Here’s the Ubuntu 22.04 (but it surely exists for your own flavour)
https://www.digitalocean.com/community/tutorials/how-to-install-and-use-docker-on-ubuntu-22-04
Kicking off the setup for this musical project starts with retrieving the Docker container image imbued with melodious elements, followed by deploying it on your local Docker daemon. (Make sure to orchestrate the Docker application before proceeding.)

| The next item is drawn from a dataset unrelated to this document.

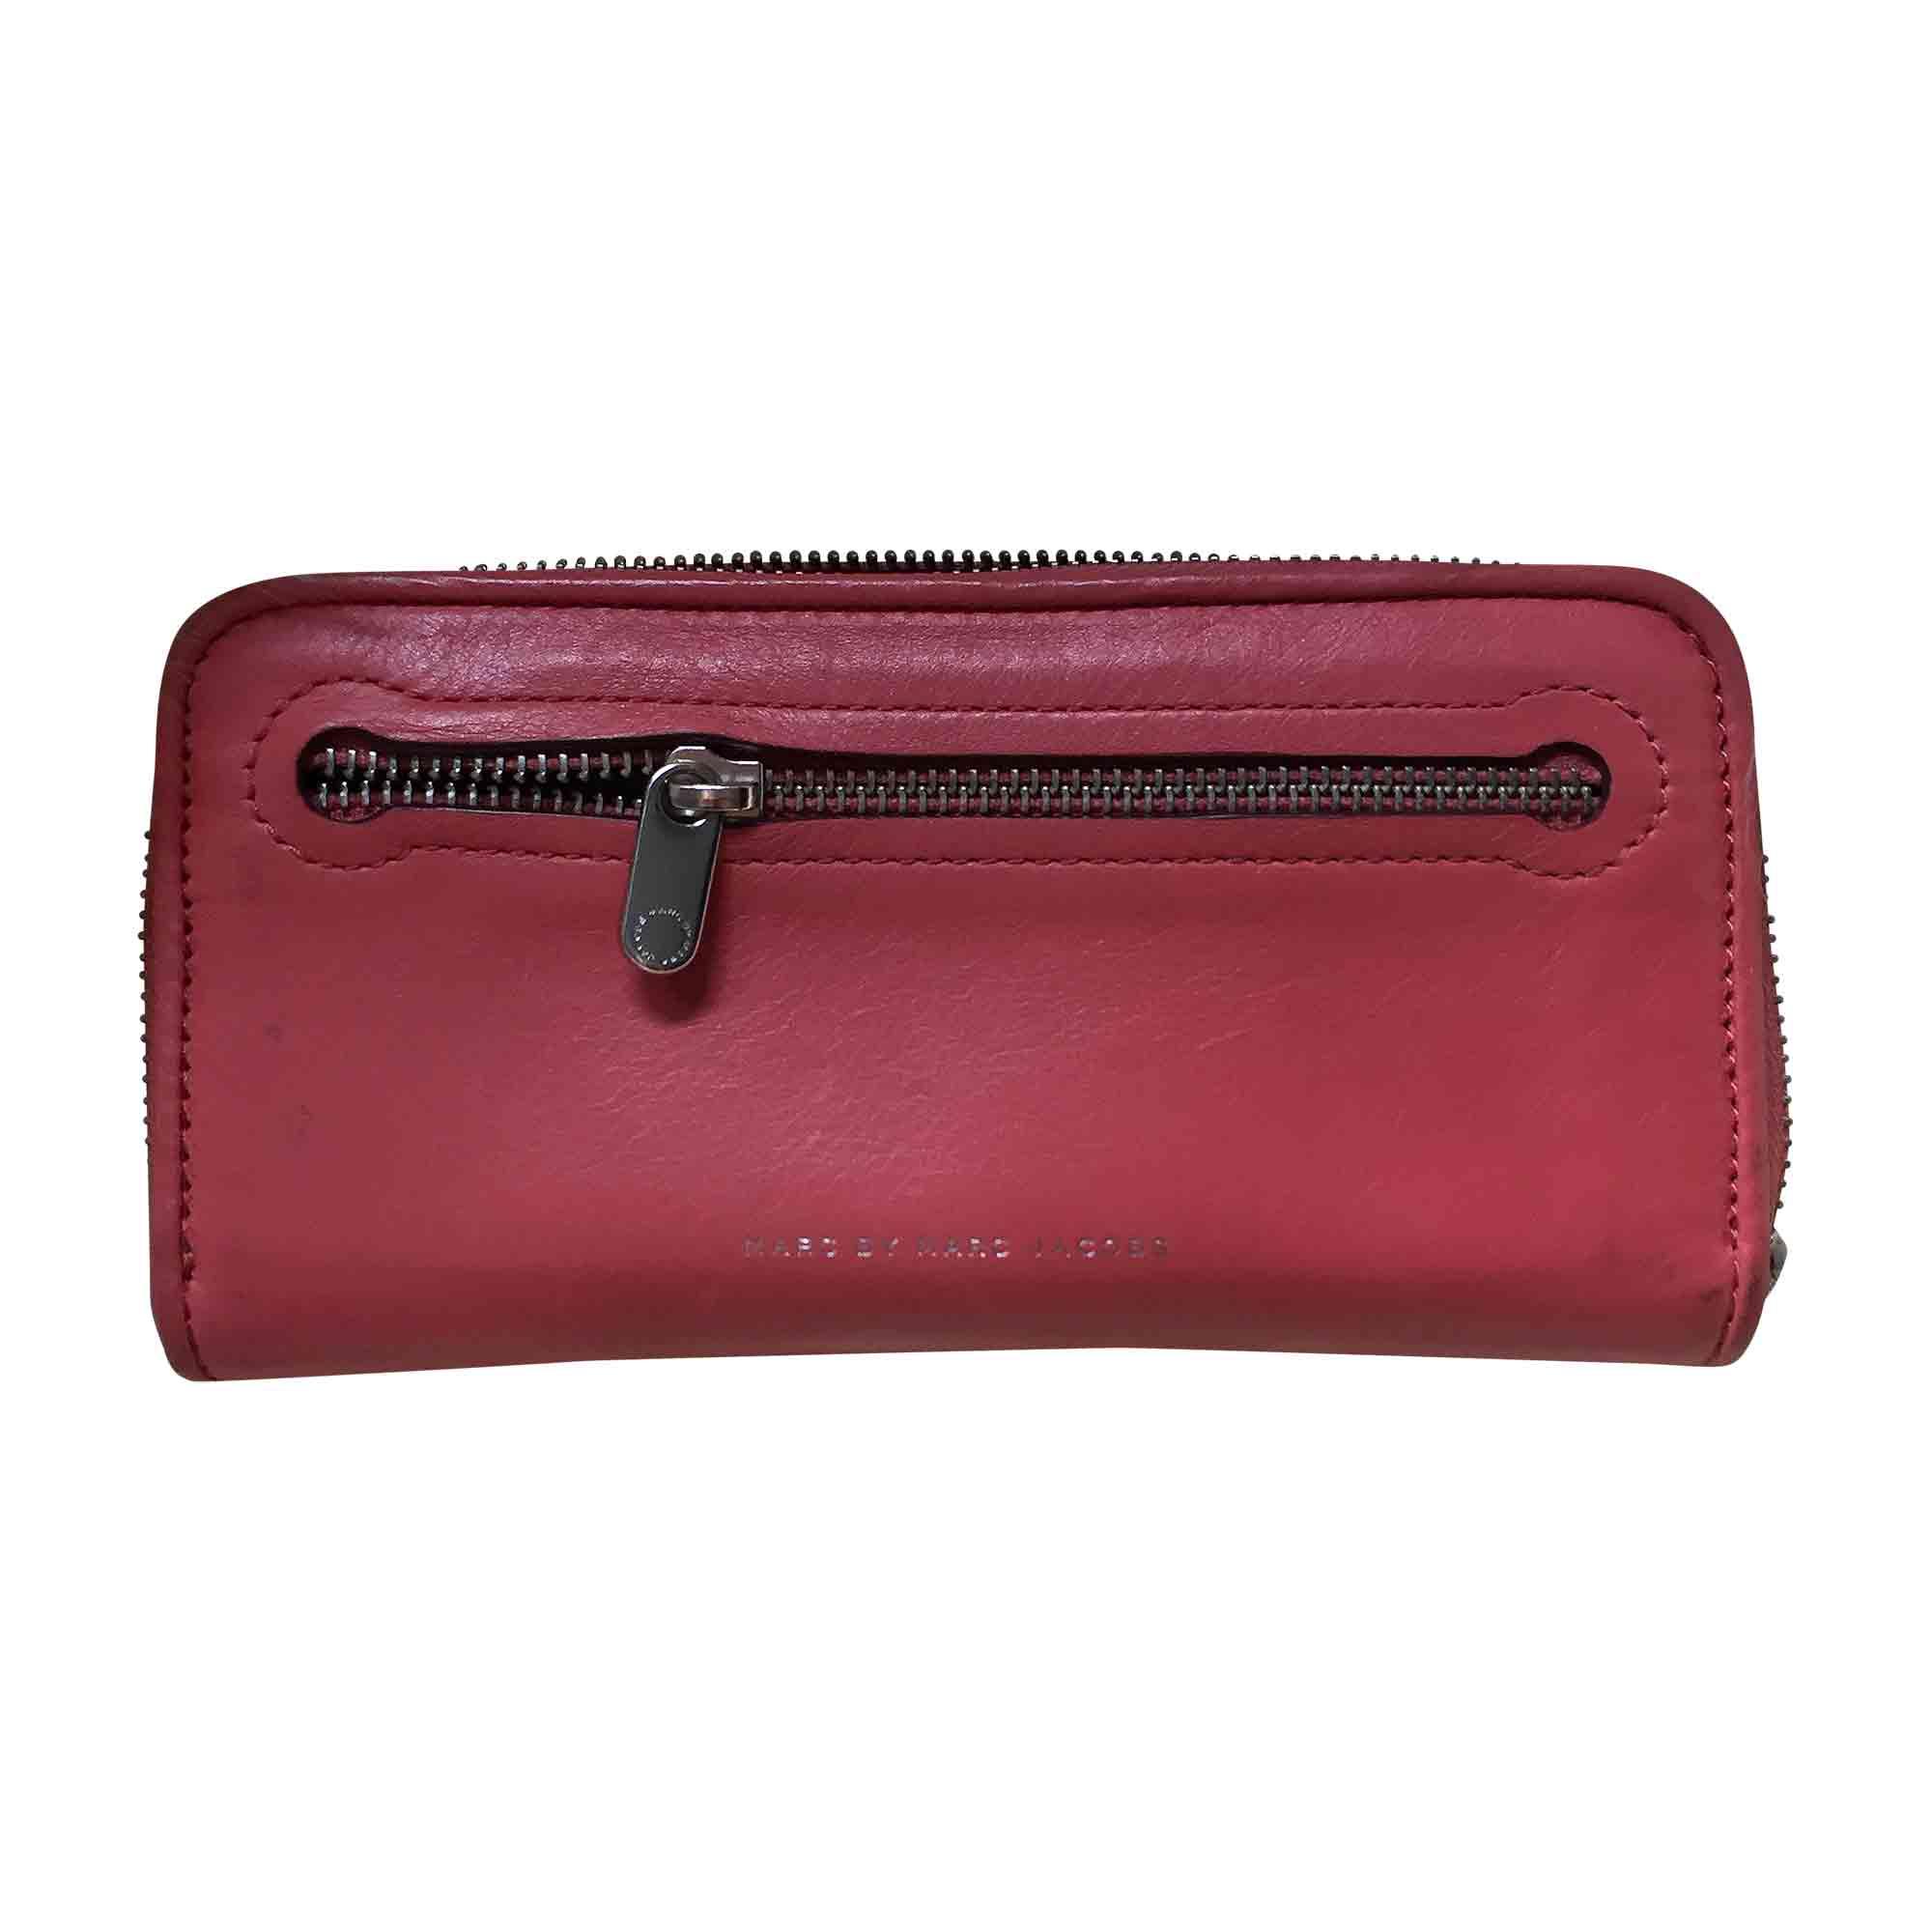 geldbeutel marc by marc jacobs pink vendu par anne sophie546823 6240809. Black Bedroom Furniture Sets. Home Design Ideas

Harmonize your system by pulling the Qdrant client container, a symphony of data, from the Docker Hub repository. Then, conduct the container with the following command, setting the stage for the application to perform at localhost:6333
, a digital concert hall for your project's operatic debut.
docker pull qdrant/qdrant
docker run -p 6333:6333 -p 6334:6334 \
-v $(pwd)/qdrant_storage:/qdrant/storage:z \
qdrant/qdrant
NOTE: If you are running on Windows, kindly replace $(pwd) with your local path.
Setup your environment, install the requirements and
git clone git@github.com:stackadoc/audiosearch.git
cd audiosearch
virtualenv --python 3.10 venv
source venv/bin/activate
pip install -r requirements.txt
For this project I’ve used the https://www.kaggle.com/competitions/park-spring-2023-music-genre-recognition/data dataset, which is a collection of 4500 files split into 10 music genres categories
kaggle competitions download -c park-spring-2023-music-genre-recognition
# For me, it gives the following :
KAGGLE_DB_PATH = '/home/arthur/data/kaggle/park-spring-2023-music-genre-recognition/train/train'
Simply modify the parameters for your CACHE_FOLDER and KAGGLE_DB_PATH, in the database.py folder
Here’s the simple code :
python app.py
Go on your favorite web browser and open the local URL displayed in your execution stack (for me, Gradio opens at : http://127.0.0.1:7861/ )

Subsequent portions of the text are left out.